L'EREDITA' PETROLCHIMICA
 







di Manuela Cartosio




Felice Casson non è tipo da indulgere agli ozi romani. Insediatosi a Palazzo Madama il 28 aprile, il neosenatore Felice Casson (eletto come indipendente nelle liste Ds) ha subito depositato un disegno di legge. Sull’amianto, una delle tante sostante mortifere di cui si è occupato da magistrato. Casson è stato il pubblico ministero nel maxi processo contro il petrolchimico di Porto Marghera dove a far strage di operai è stato il cvm, il cloruro di vinile monomero. Venerdì la Cassazione ha chiuso definitivamente il processo, confermando la sentenza d’appello pronunciata nel dicembre 2004 nell’aula bunker di Mestre: cinque ex dirigenti Montendison condannati a un anno e mezzo di carcere per la morte dell’operaio Tullio Faggin, deceduto nel 1999 per angiosarcoma al fegato, «tipico» tumore causato dal cvm. L’ultimo ad andarsene di una vasta schiera (la lista presentata da Casson conteggiava 157 decessi), l’unico omicidio colposo non «caduto in prescrizione».
Nonostante
le tante e vaste prescrizioni, la sentenza d’appello aveva corretto il «tutti assolti» del primo grado che - era il 2 novembre 2001 - aveva sbigottito e fatto piangere i parenti delle vittime. Tutti morti perché fumavano o bevevano qualche ombreta? «Di qualcosa bisogna pur morire», commentò il difensore di uno dei 28 imputati, il gotha della chimica italiana al gran completo. Frase che non si dimentica. La sentenza d’appello, trovando un punto di equilibrio tra garantismo e giustizia sostanziale, ha risarcito il bisogno di giustizia di un’intera comunità e riconosciuto la fondatezza dell’impianto accusatorio sostenuto da Casson.

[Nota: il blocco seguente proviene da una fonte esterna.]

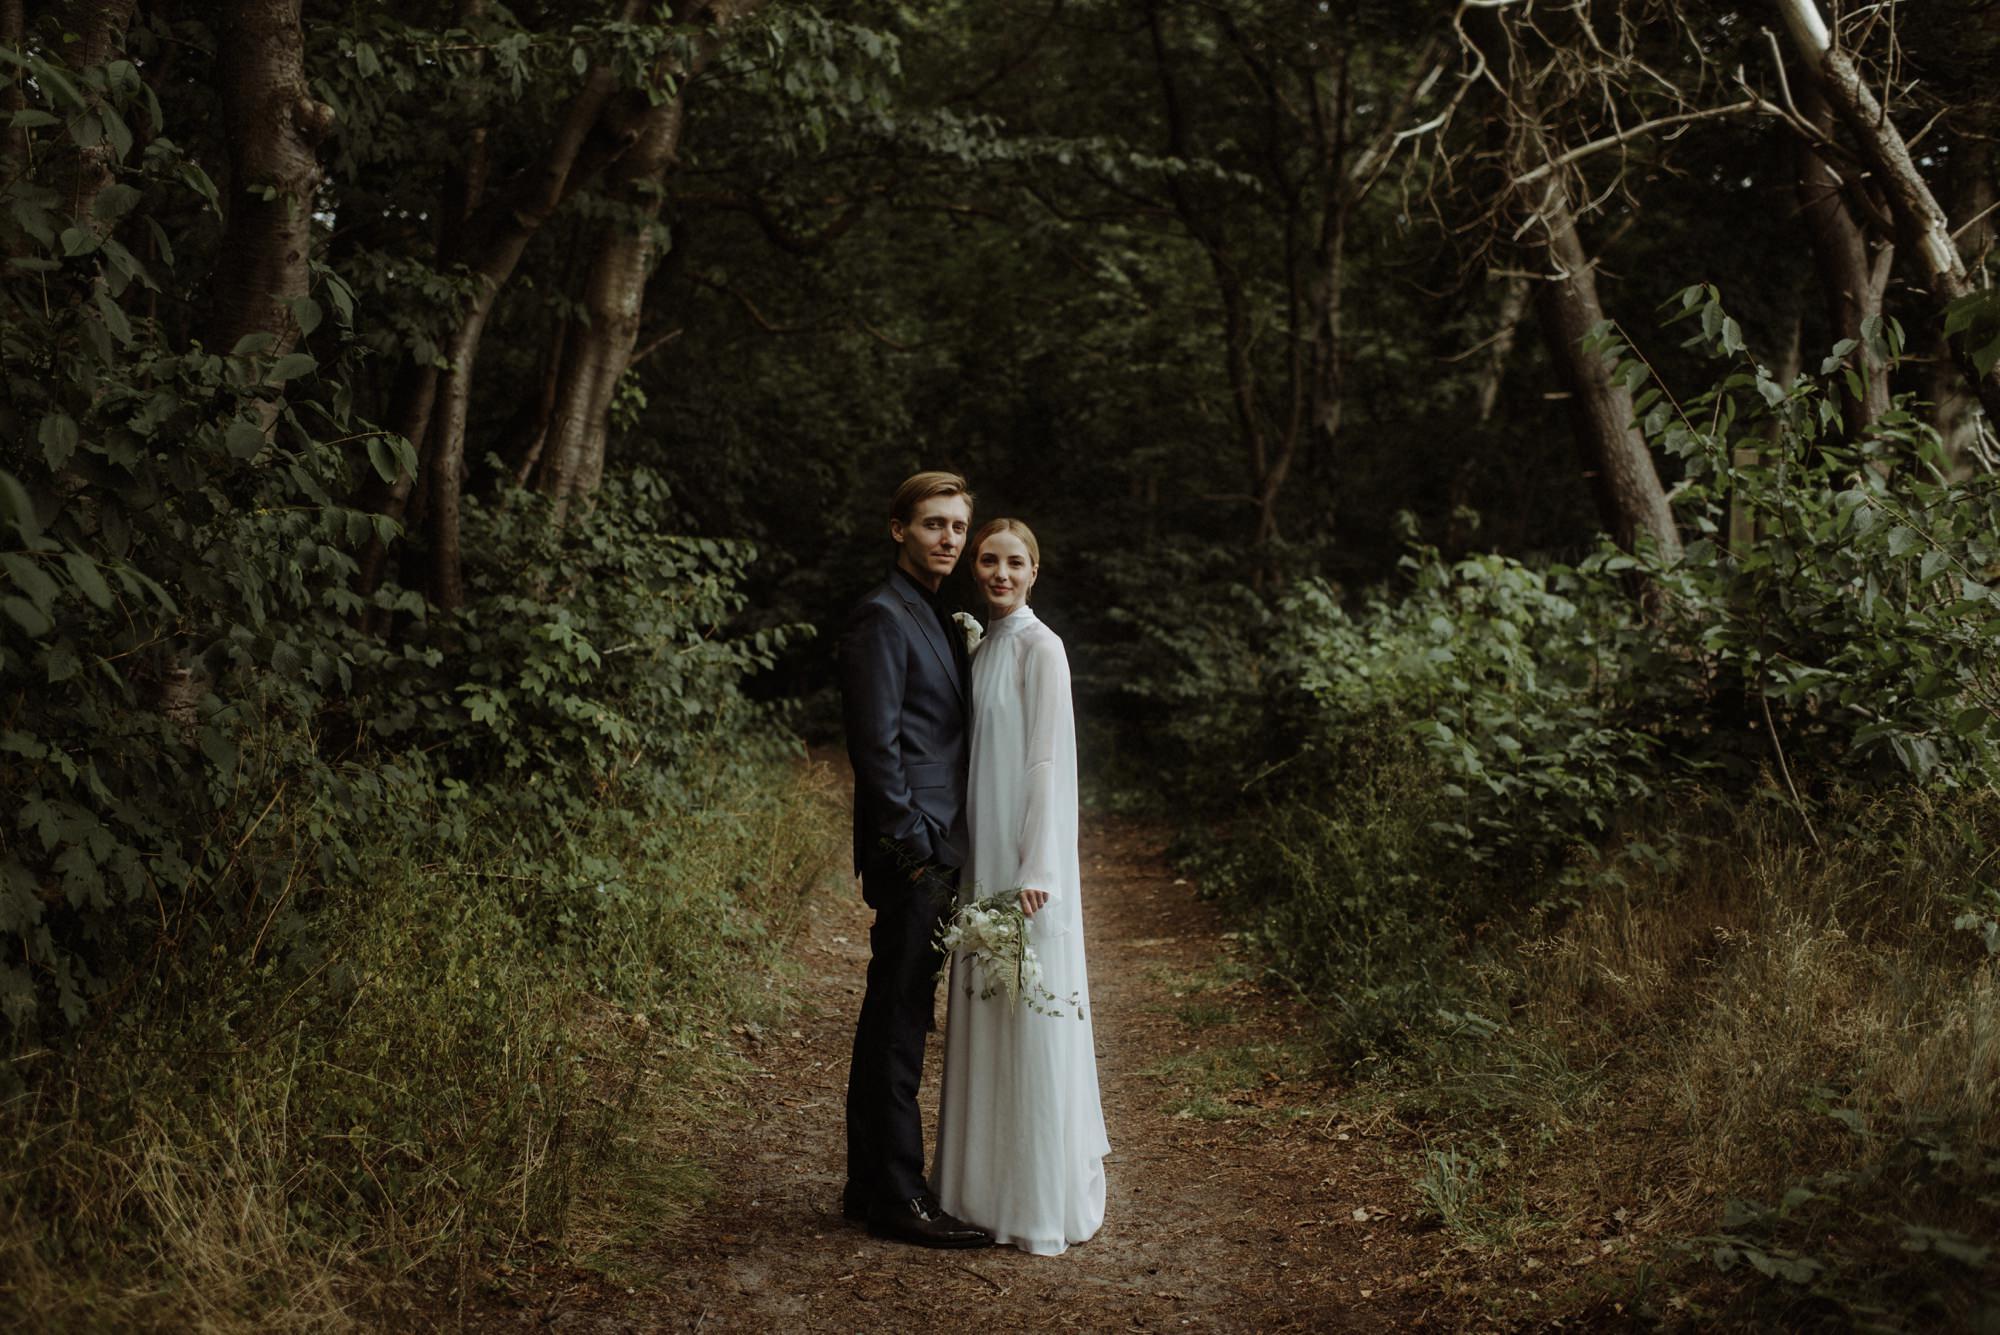 copenhagen wedding photography 0027 1

Il timbro definitivo della Cassazione, dichiara l’ex magistrato, è estremamente importante. La Suprema corte «mette al primo posto la salute, applicando la Carta costituzionale». Banale? Mica tanto, replica il neosenatore. «Significa che quando si verificano gravi casi di danno alla salute dei lavoratori è giusto e corretto procedere anche con un processo
penale». Certo, i processi si fanno sempre in ritardo, i tumori hanno latenze di decenni, scattano le prescrizioni. Di questo Casson si rammarica ma, aggiunge, il tempo che passa non può essere un alibi. «I processi sono lunghi e complicati, però bisogna farli». In sede penale, ribadisce. La sottolineatura rinvia a uno scontro tra «scuole di pensiero» giuridico emerso in dibattimento nell’aula bunker di Mestre. Una, rappresentata dal professor Federico Stella, patrono dell’Enichem: «Non si potrà mai accertare al di là di ogni ragionevole dubbio il nesso di causalità tra la morte di un operaio del petrolchimico e il cvm. Questo processo andava fatto in sede civile, dove basta il probabile». L’altra, interpretata dai difensori di parte civile e, ovviamente, dal pm Casson. Che liquida il contenzioso in modo spiccio: «Se si dà retta al professor Stella, si esce dalla Costituzione italiana. La salute divente merce. Un’azienda procura danni alle persone o all’ambiente? Paga e tutto finisce lì. Andrà bene per le imprese, non per la giustizia».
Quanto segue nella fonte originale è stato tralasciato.